Present Tense:
Here I am, in New Hampshire , being an Innkeeper part time and working to re-design my life and my work in the rest of the time.
I am a terrific guide for others. I can see where they can go and what it will take to get there. I can hold the space for them until they are ready to enter it and once there I can walk along with them as they build their lives anew.
However, truth be told, I find it much more difficult to do for myself. My struggles don't invalidate what I am holding out to you, it just confirms that there are no exceptions. Moving from one form of being and doing to another is painful, and confusing. It is full of doubt where before there was certainty and often failure before you realize success again. And, just to be clear, success this time around may not look like success did earlier in your life
In the movement towards more life we often feel less. Longing for the clear trajectory to arrive at a meaningful destination, we often can't even define, much less believe, that there is a destination so…how can there possibly be a trajectory?
Often, we have to endure being a heat seeking rocket – an object seemingly gone awry chasing an illusive and deceptive target. Yet, if given time, faith and courage it can find the next perfect place to hone in. Yes, "next perfect place" - not endpoint. If we are willing to keep growing, looking inside ourselves and questioning what we see - there is no end game. Yes, my friends, it is all about being engaged in process and that means continual change and new morphing forms.
So, how did I get to the Inn? Interesting implications about the term INN, but that is for another post.
About five years ago, aspects of my life and work began to unravel. As Sara Davidson discusses in her wonderful book, LEAP: What Do We Do With the Rest of Our Lives?, I found that what had served me for many years, just wasn't working anymore, or it wasn't working as well as it had. It felt like I was falling through the rabbit hole and entering a new reality, as did Alice. However, for me, there was less Wonder and more Wander.
Over the past 5 years I have felt found and then again lost. Like a snake shedding skins, but the shedding is neither predictable nor seasonal. It just keeps going on – skin after skin, layer after layer. Until, now when I feel that I have shed much of what had defined me and kept me feeling safe, I realize that in many ways I am more defined and far less safe.
Remember that old refrain, "Freedom is just another word for having nothing left to lose". That's where I find myself – free in a way that I have never been, un-tethered as never before and alternating between high creativity and high anxiety.
Lessons from the Innkeeper:
I came here ostensibly to run a small B&B, a long time fantasy and a basically safe way of experiencing, it not being the owner. I don't have to pay for the leaking roof, the frozen pipes, or the peeling paint. I came here to down-shift, and finish this book that has been living in my head and heart for years and recalibrate my destination in life.
However, no sooner did I arrive than I began to take on the intensity of "ownership". I wanted it great. I wanted everything to be shining and lovely. I wanted guests who were delighted and enthralled with my creative breakfasts. In other words, I got lost in the desire to define myself by this new experience. I realized after much struggle and disappointment that I was seeking a new skin that would show me and the world that I had "it". Whatever "it " was.

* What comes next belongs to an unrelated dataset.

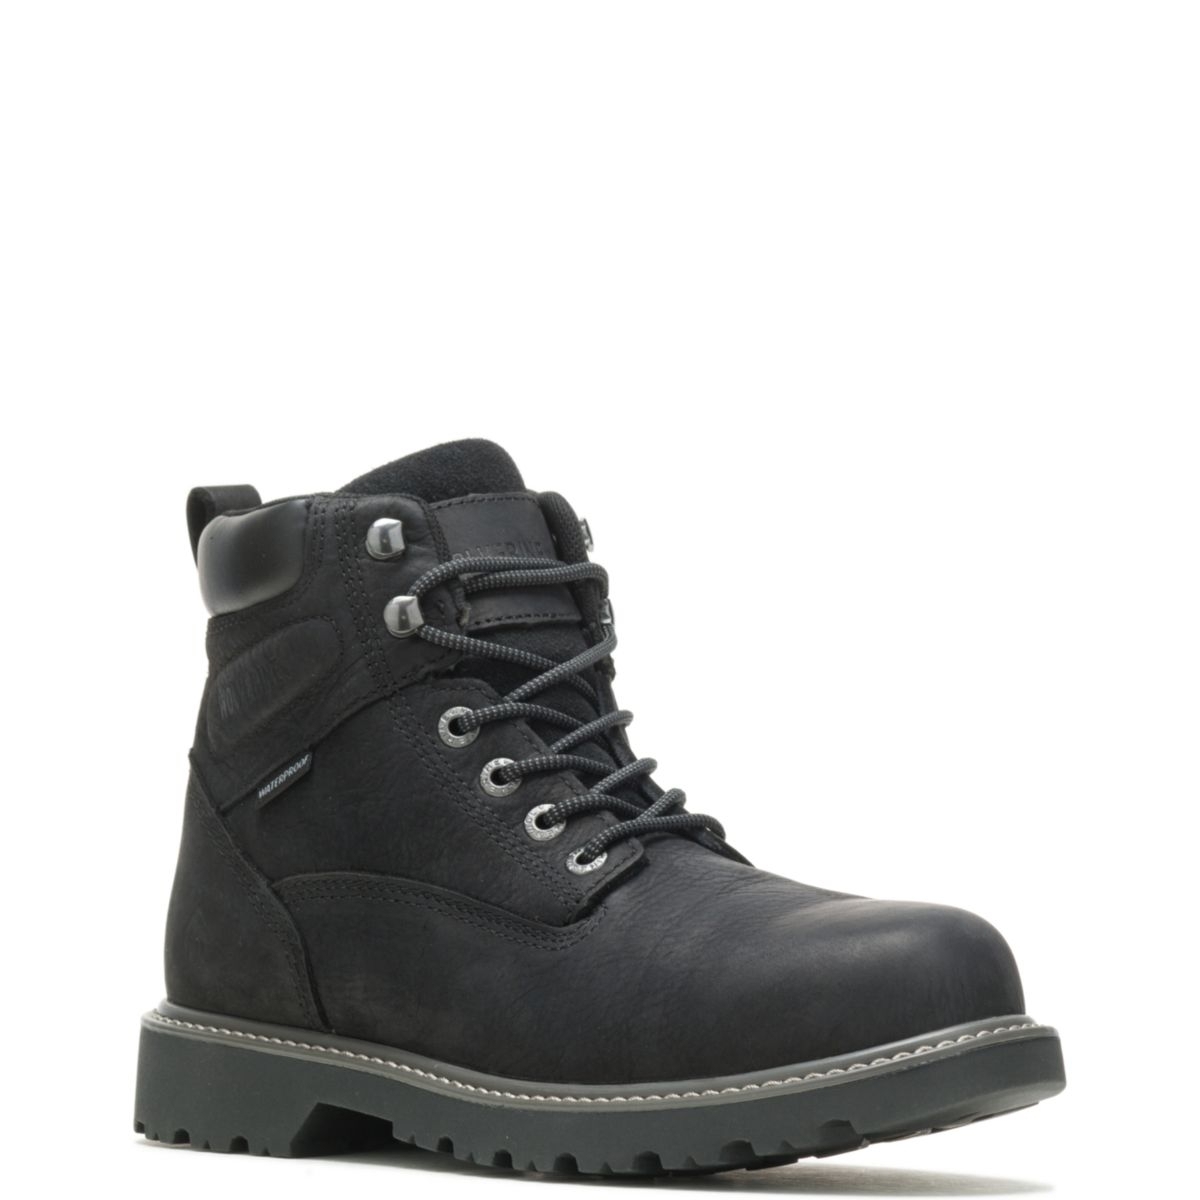 WOLVERINE Men's Floorhand 6 Waterproof Steel Toe Work Boot Black - W10694 BLACK - BLACK, 8 Wide

What stopped me dead in my manic tracks?
The owners, who after saying they wanted to build the "business" which had been stumbling along for years, decided that it , or maybe me, were too much work and they said, "Stop". No marketing, No networking, No nothing - Just answer calls, take whatever reservations come in, be nice to people, spend less than $8.00 per person on food and only use just-in-time household help before people arrive. "What! Were they crazy, this is no way to build a business", I thought! Why was I here then? If I couldn't change things – then what?
The What is turning out to be just what I needed. A roof over my head without overhead and stress; living in a beautiful area where there is quiet and peace and a chance to take a deep breath for several months; finish this book, and perhaps find the heated object of my desire. More to Life at Work, I am discovering is not attaching to yet another Mission-Impossible. It is to find the Mission-Meaningful.
Even though I knew that, I forgot it again. Funny how that happens. The outside does not design the inside. I wouldn't be any better or worse, smarter or more successful if the Inn fulfilled my fantasies or if it just stayed the way it always was – with the exception of my being here and bringing whatever uniqueness, caring, and beauty that came along with me.
And, when it is over – it is over. But, I will not be over.I will be further down the path than I was when I arrived. I will have gathered more experience, seen myself through yet another prism, taken my measure anew and made some important course corrections.
After all, isn't that just about as much as any of us can really wish for.